Карасик уже заранее жалеет о том, что в Горьком они расстанутся и Федя уже, наверно, не встретит его никогда-никогда. Он столько интересного рассказал о Волге, о себе!.. Когда сидели за столом и ели горячие щи, в салон вошла Наташа в сопровождении бритоголового. Она сразу же увидела Федю, увидела, как солдат, который сидел рядом с ним, подсаливал из солонки ему, Феде, щи. Федя ликовал в душе и с некоторой снисходительностью поглядывал на соседний стол, за который сели Наташа и ее дядька.
Карасик обратил внимание, как пристально посмотрел Владимир Сергеевич на бритоголового. Но подумал, что это, наверное, потому, что бритоголовый очень похож на Фантомаса. И уши оттопырены. Еще бы в ту зеленую воду его окунуть…
Когда принесли Наташе щи, она категорически заявила:
— Я не хочу щи!
— Ешь! — не менее категорично приказал Фантомас.
— Не буду!
— Наталья… — укоризненно сказал бритоголовый.
Наталья умоляюще поглядела своими васильками и тяжело вздохнула.
Федя и бывший солдат переглянулись по поводу разговоров- уговоров за соседним столом, поднялись, направились к выходу.
И вообще в тот день Владимир Сергеевич не отпускал Карасика от себя ни на шаг, даже когда поздно вечером они вышли на корму и солдат подошел к той девушке, которая всю дорогу читает книги. Владимир Сергеевич сказал девушке:
— Познакомьтесь, Маринка, это мой приятель Федор.
Маринка улыбнулась Феде и протянула ему лодочкой руку. И Федя потряс ее руку, страшно засмущавшись. Он увидел вдруг, что девушка эта очень красивая, даже, пожалуй, красивей его мамы. У Маринки мягкие пышные волосы падают на плечи, глаза добрые, серые и улыбка какая-то очень хорошая.
— Ты в каком классе учишься? — спросила Маринка Карасика.
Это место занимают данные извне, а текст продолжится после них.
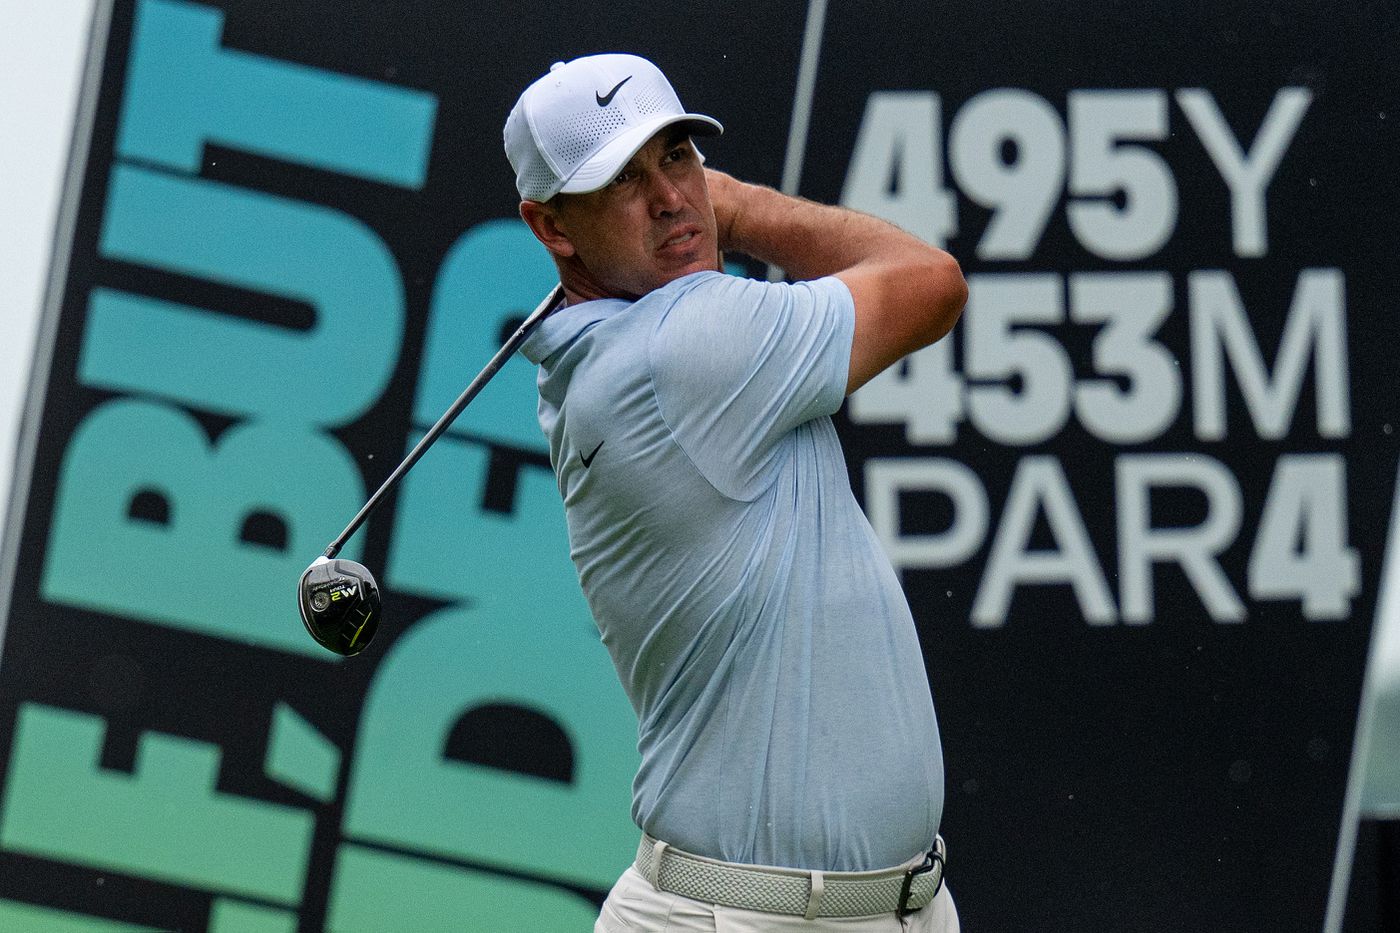 liv golf’s brooks koepka re-discovers swagger in final pga championship tune-up

И предположила: — В третьем?..
Федя несколько обиженно поправил ее:
— Я в шестой перешел уже.
— Ну вот, я так и знала, — вздохнула девушка, — по психологии в следующий семестр я получу двойку.
Федя не понял, почему она по какой-то психологии должна получить двойку, и он не знал, что это такое «семестр», но не стал спрашивать, чтобы не подумали, что он, Федя, незнайка.
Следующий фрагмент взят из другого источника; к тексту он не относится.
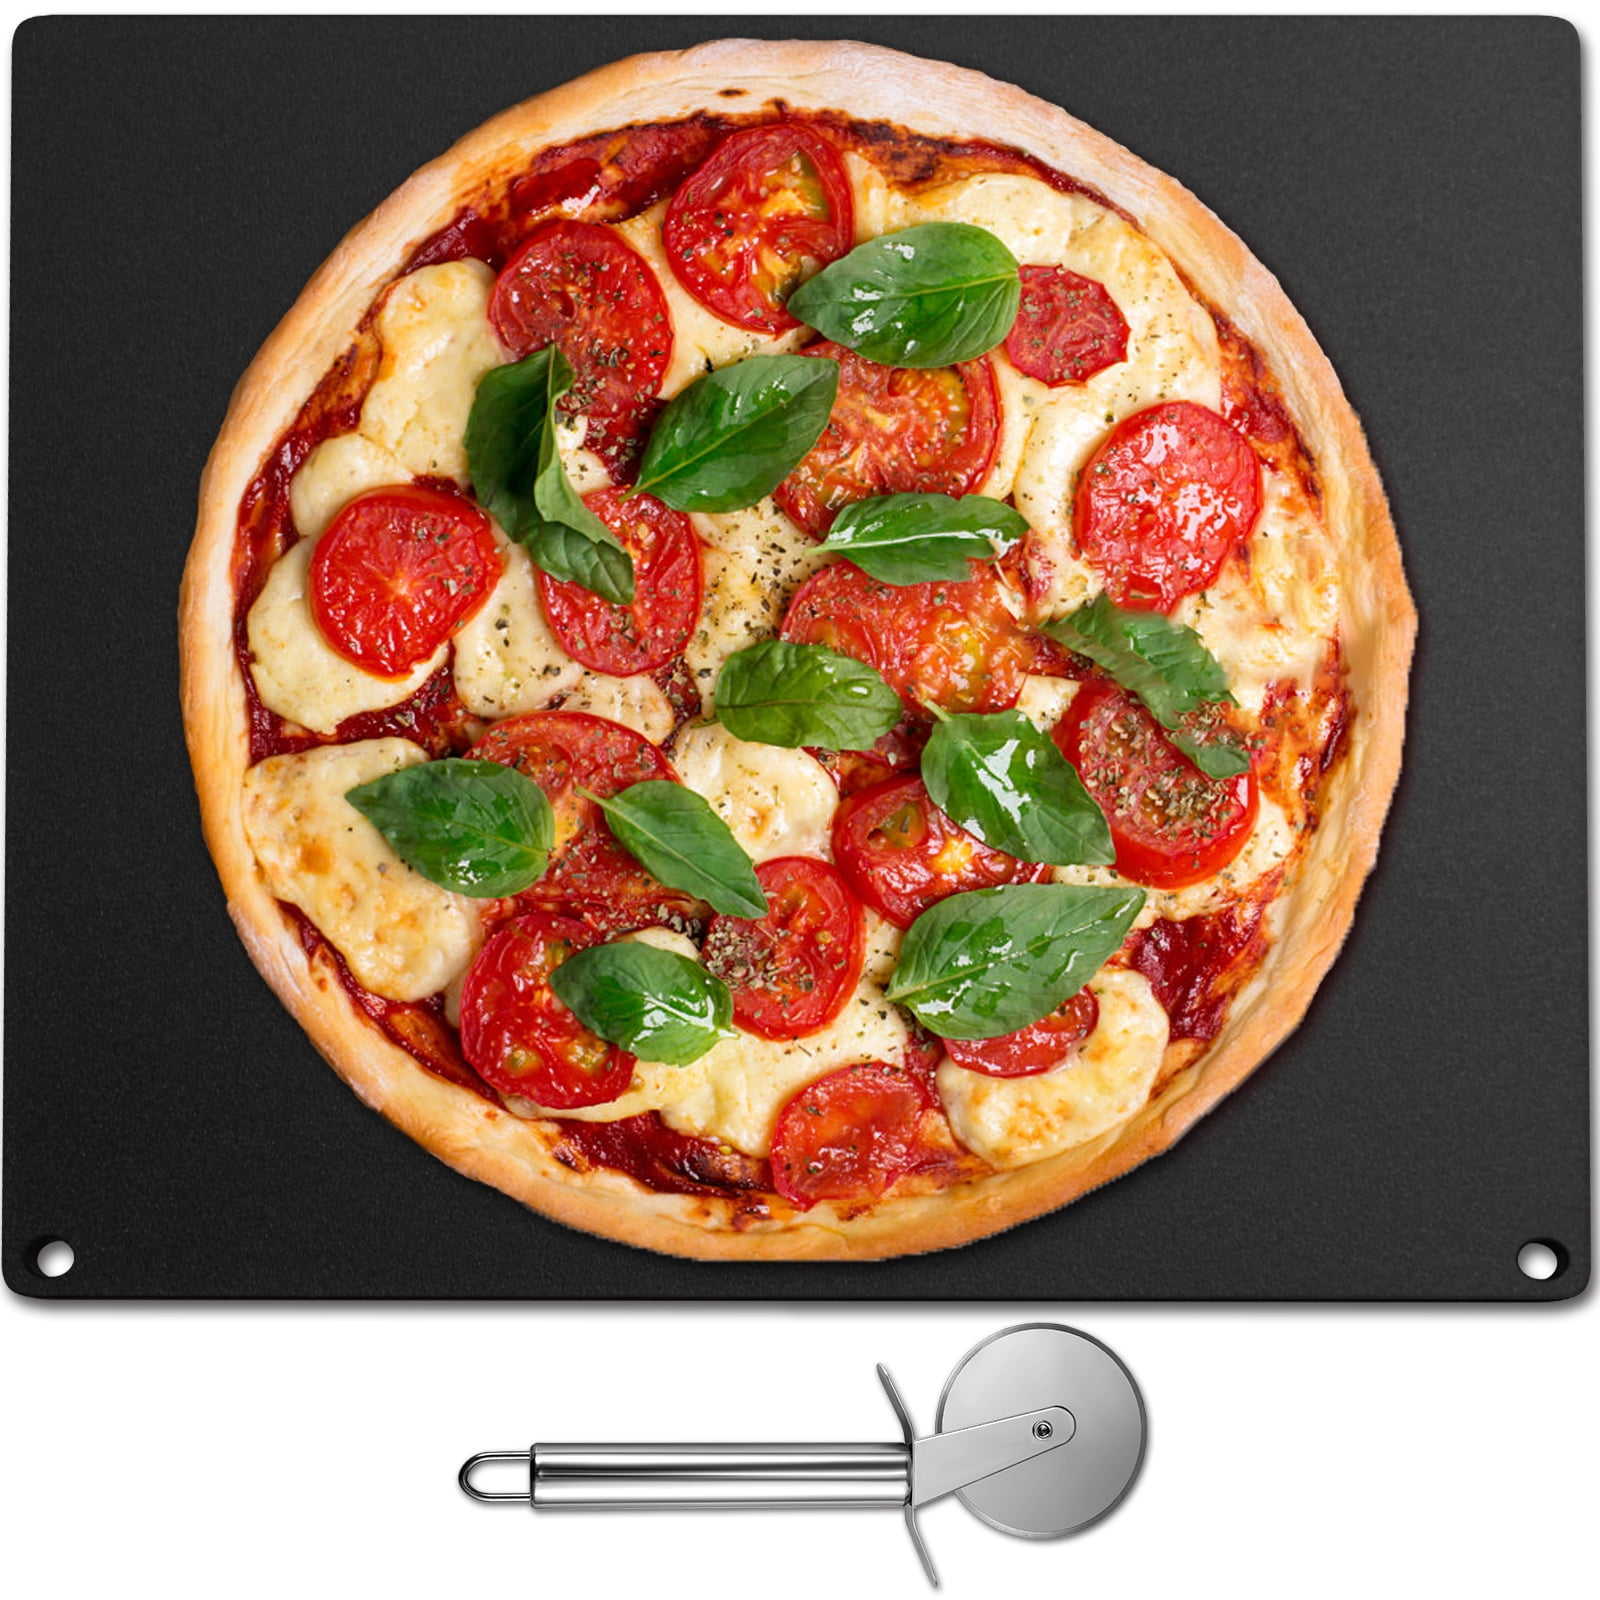 VEVOR Steel Pizza Stone, 16.1 x 14.2 x 0.4, A36 Steel Baking Steel Pizza  Stone for Oven and Grill, Large Size Steel Pizza Pan with 20x Higher

Втроем они стояли на корме и смотрели на густую, словно масляную, в вечерних сумерках воду.
«Чайковский» шел близко к правому берегу. А берег! Федя с восторгом задирал голову вверх и рассматривал, как на фоне смутного вечернего неба высоко, где-то прямо над пароходом, над ним, Федей, у самого края горы стояли люди. Можно было догадаться, что это парни и девчата, гуляя, вышли на Волгу и провожают пароходы, поют песни. Фигурки их маленькие, словно муравьиные, потому, что берег очень высокий.
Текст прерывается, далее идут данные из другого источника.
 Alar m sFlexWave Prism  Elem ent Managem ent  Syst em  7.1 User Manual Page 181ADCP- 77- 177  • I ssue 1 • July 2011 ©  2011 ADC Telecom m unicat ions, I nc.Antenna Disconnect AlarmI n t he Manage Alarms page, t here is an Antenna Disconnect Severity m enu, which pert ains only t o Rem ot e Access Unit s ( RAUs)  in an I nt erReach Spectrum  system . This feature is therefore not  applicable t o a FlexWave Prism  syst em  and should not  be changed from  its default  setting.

— Жигули… — словно для себя, раздумчиво и тепло пропела Маринка. — Я никогда не видела Жигулей. Как это красиво, правда? И в то же время… просто. Наверное, так может быть только у нас в России, когда величие не холодное… А плесы какие! — Она плавно провела рукой от правого к левому берегу.
Федя посмотрел на Волгу и ничего не увидел. Ну огромное море воды, тихое море воды.
А Маринка восторженно продолжала:
— Вы слышите музыку плесов?.. Ох, как это удивительно передано у Левитана! Над вечным покоем!.. Вы знаете, — она снова повернулась к Владимиру Сергеевичу, — мне даже хочется писать стихи. Я никогда не писала стихов, а сейчас вдруг почувствовала, что я могу, наверное, написать стихи.
Если бы Маринка знала, к кому надо обращаться за стихами, она не мучилась бы сама, раз уж никогда не сочиняла. Стоило бы попросить Федю — и все. У Феди в портфельчике лежит недописанная поэма «Санитарка Маруся». Федя много читал рассказов про девушек- санитарок на войне, и поэтому решил тоже написать что-нибудь такое… Идет бой с фашистами. Ранили командира, он истекает кровью, и тут смелая девушка Маруся под пулями врага пробирается к командиру… Дальше Федя еще не знает, как сложится в поэме. Может, Маруся погибнет геройской смертью, а может, и не погибнет. Феде жалко Марусю, которую он выдумал, ему не хочется, чтобы она погибала.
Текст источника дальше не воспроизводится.